The impact of Saharan dust on the intensity of Hurricane Nadine (2012) during HS3

Monday, 18 April 2016: 9:45 AM
Ponce de Leon B (The Condado Hilton Plaza)
Scott A. Braun, NASA, Greenbelt, MD; and J. J. Shi and J. Sippel

The Hurricane and Severe Storm Sentinel (HS3) was a multiyear field campaign (2012-14) with the goal of improving understanding of hurricane formation and intensity change. One of HS3's primary science goals was to obtain measurements to help determine the extent to which the Saharan air layer (SAL) impacts storm intensification. In 2012, HS3 used the NASA unmanned Global Hawk aircraft to obtain measurements within Nadine and the adjacent SAL air mass. HS3 observations suggested that the SAL air generally remained outside the outermost convection of the storm on its eastern side. However, on the day Nadine just reached hurricane intensity on 15 September, there was some evidence (e.g., low equivalent potential temperatures) for the presence of SAL air in the interior of the storm in the boundary layer. However, it was not possible to quantify the SAL's impact.

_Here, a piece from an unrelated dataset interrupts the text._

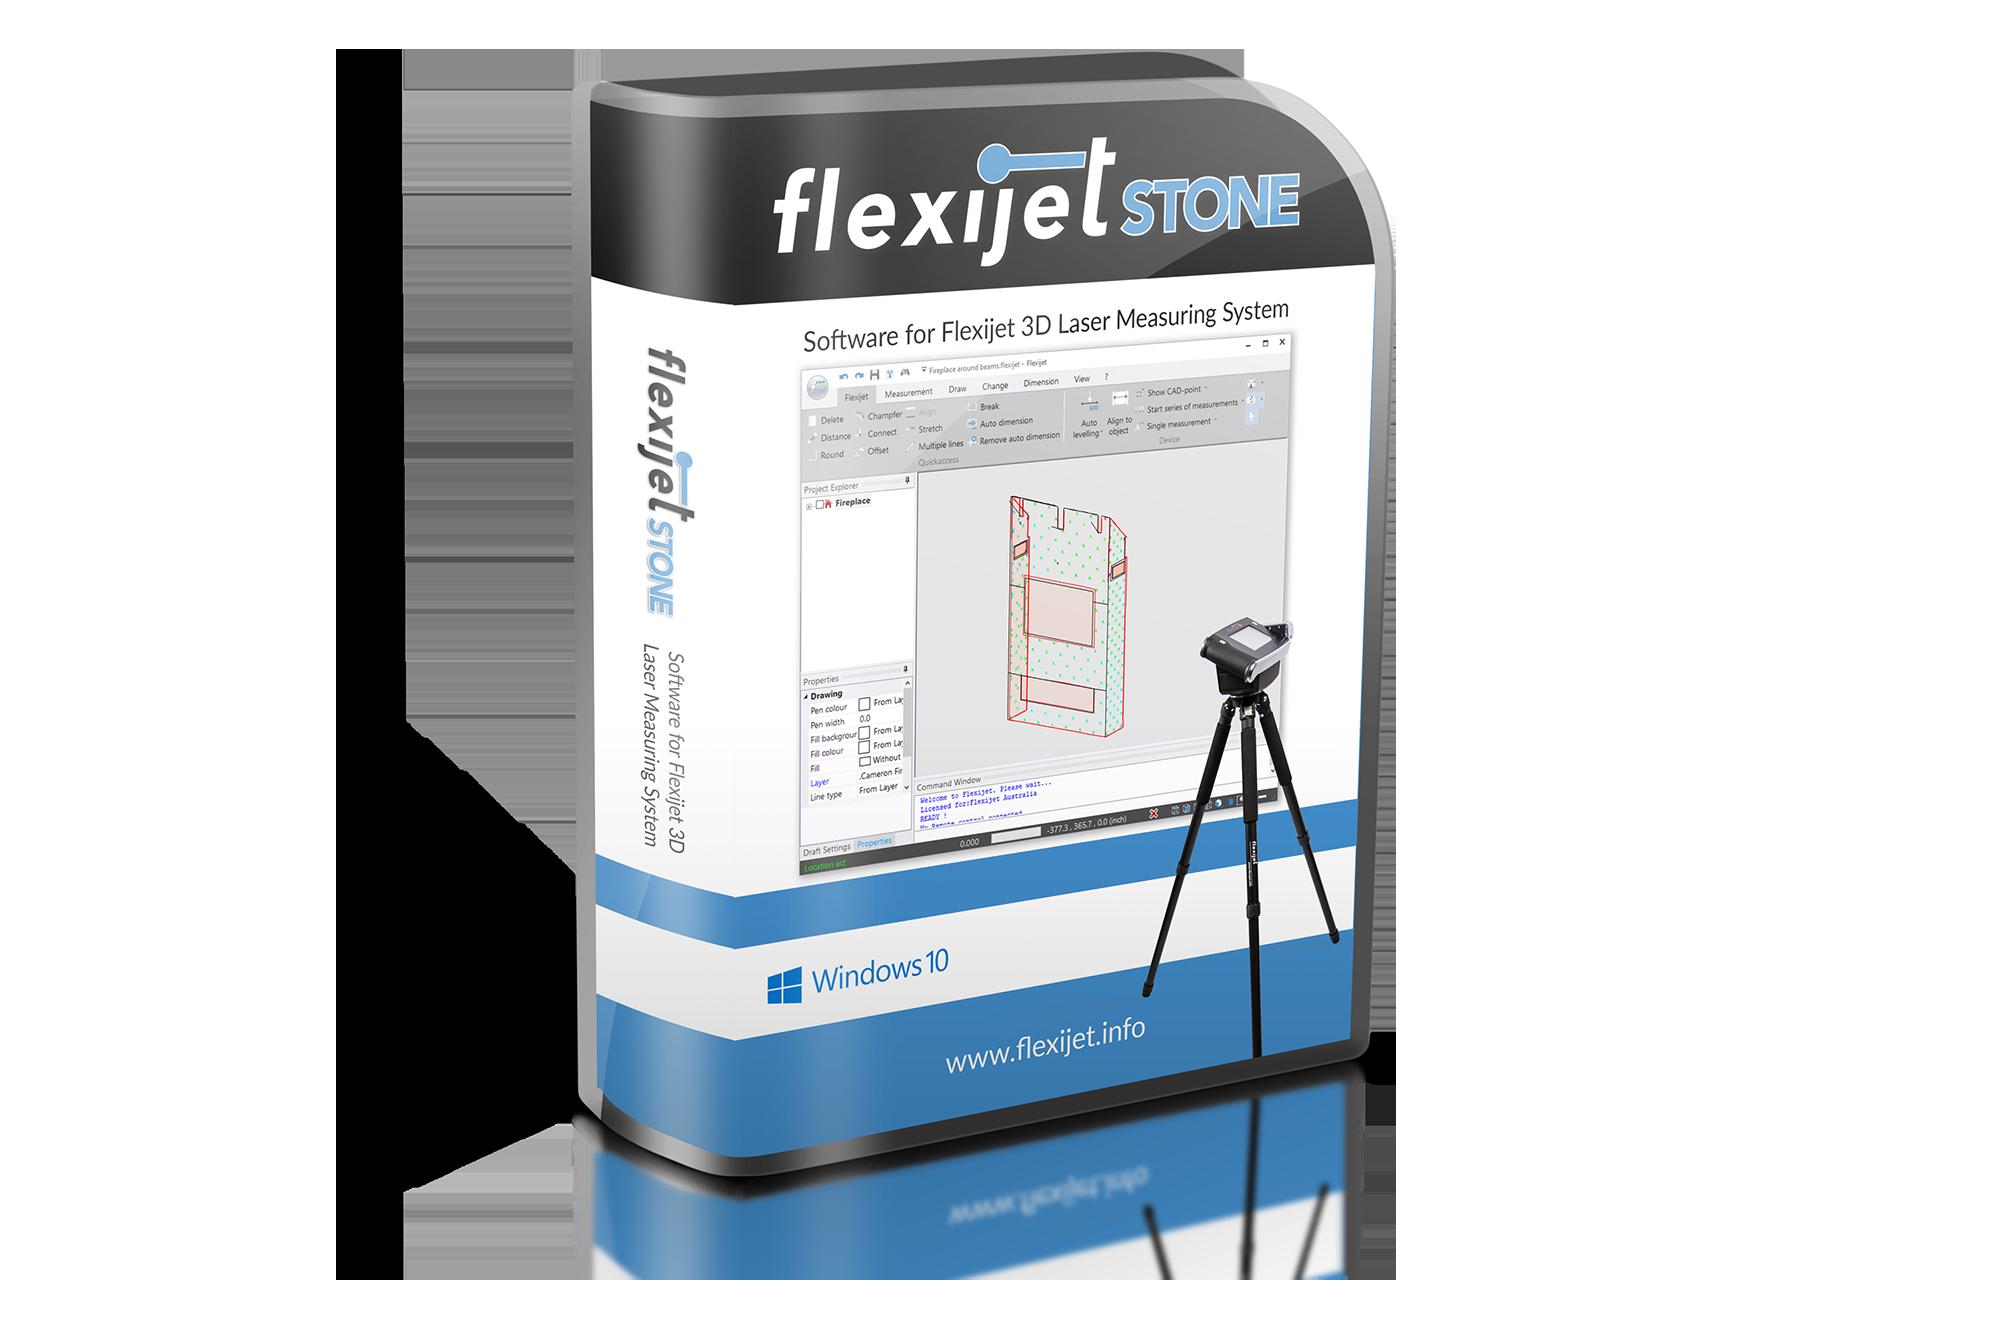 Illustrative image of package for Flexijet STONE software.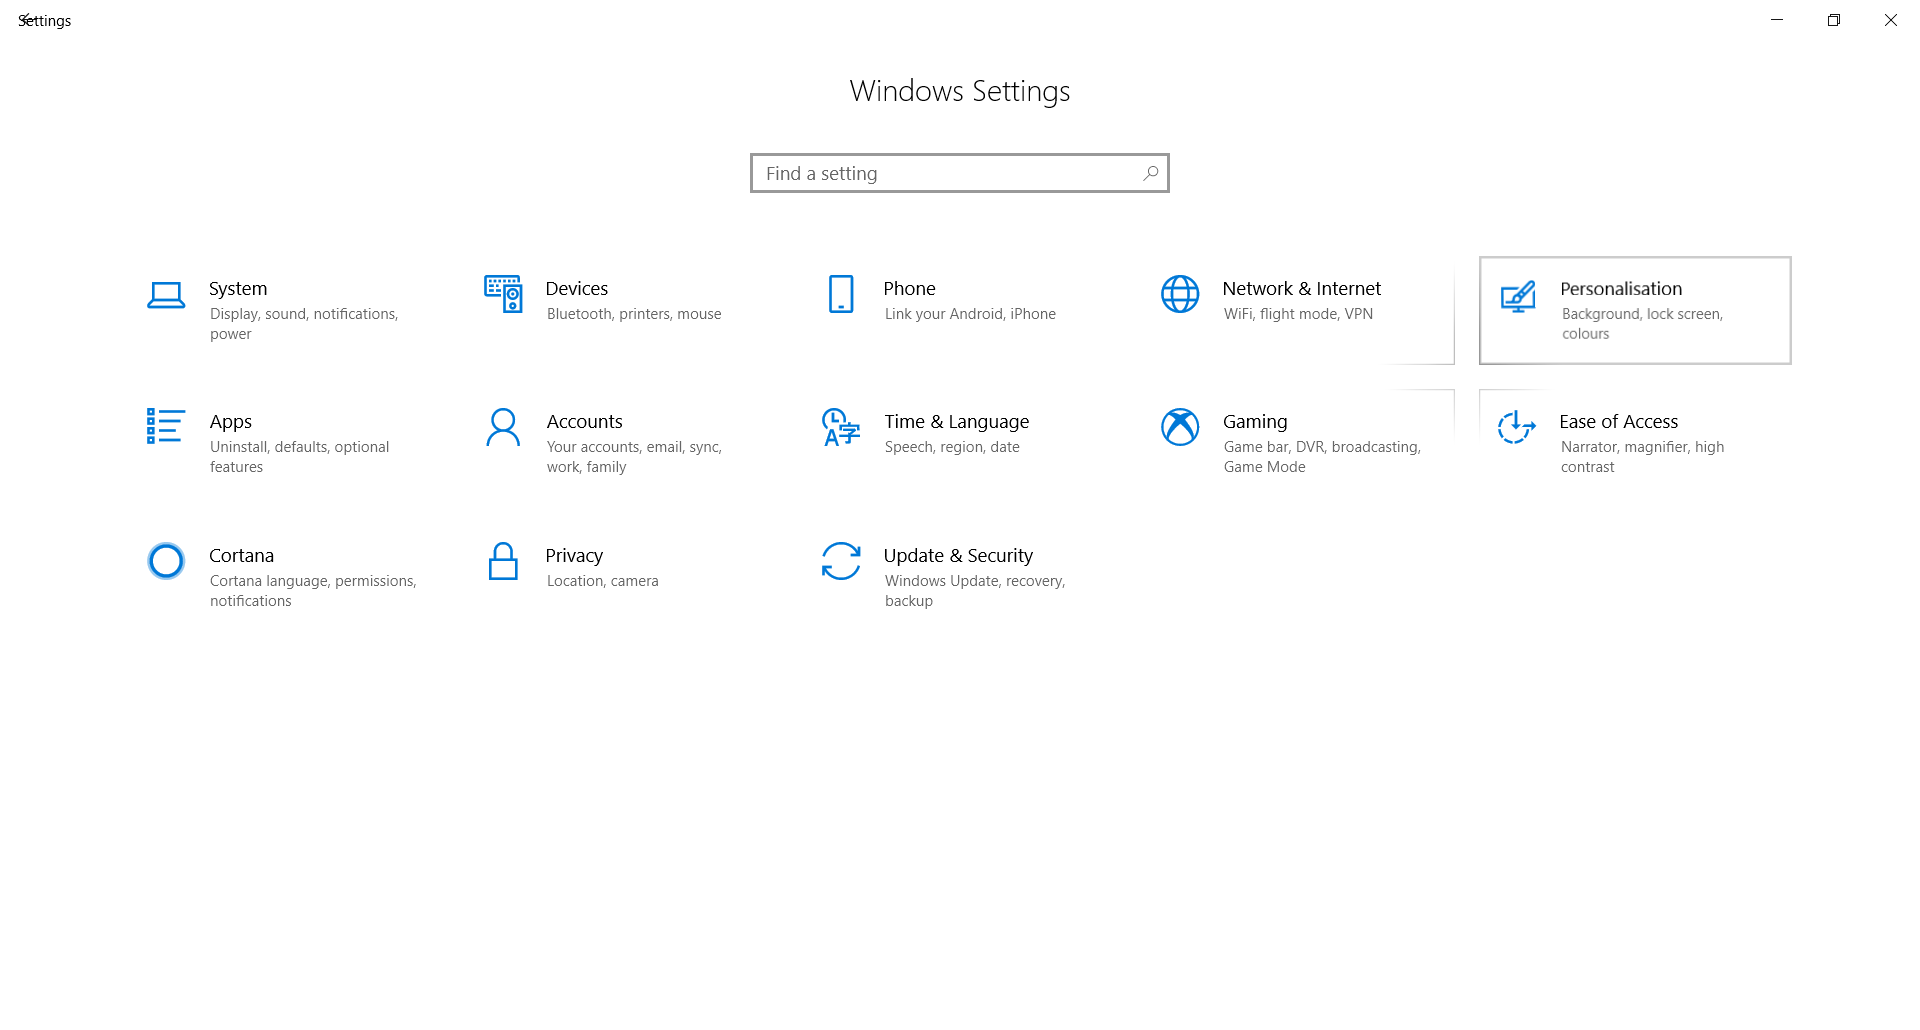 Windows 10 Desktop personalisation not opening 719fb4d6-91ae-4acc-afc0-f216f43b5588?upload=true.png

In this study, the Goddard version of the Weather Research and Forecasting model with interactive aerosol-cloud-radiation physics is used to identify the role of Saharan dust using 30-member ensemble simulations of Nadine with and without the aerosol interactions. Preliminary conclusions related to the impact of the SAL on the evolution of Nadine will be presented.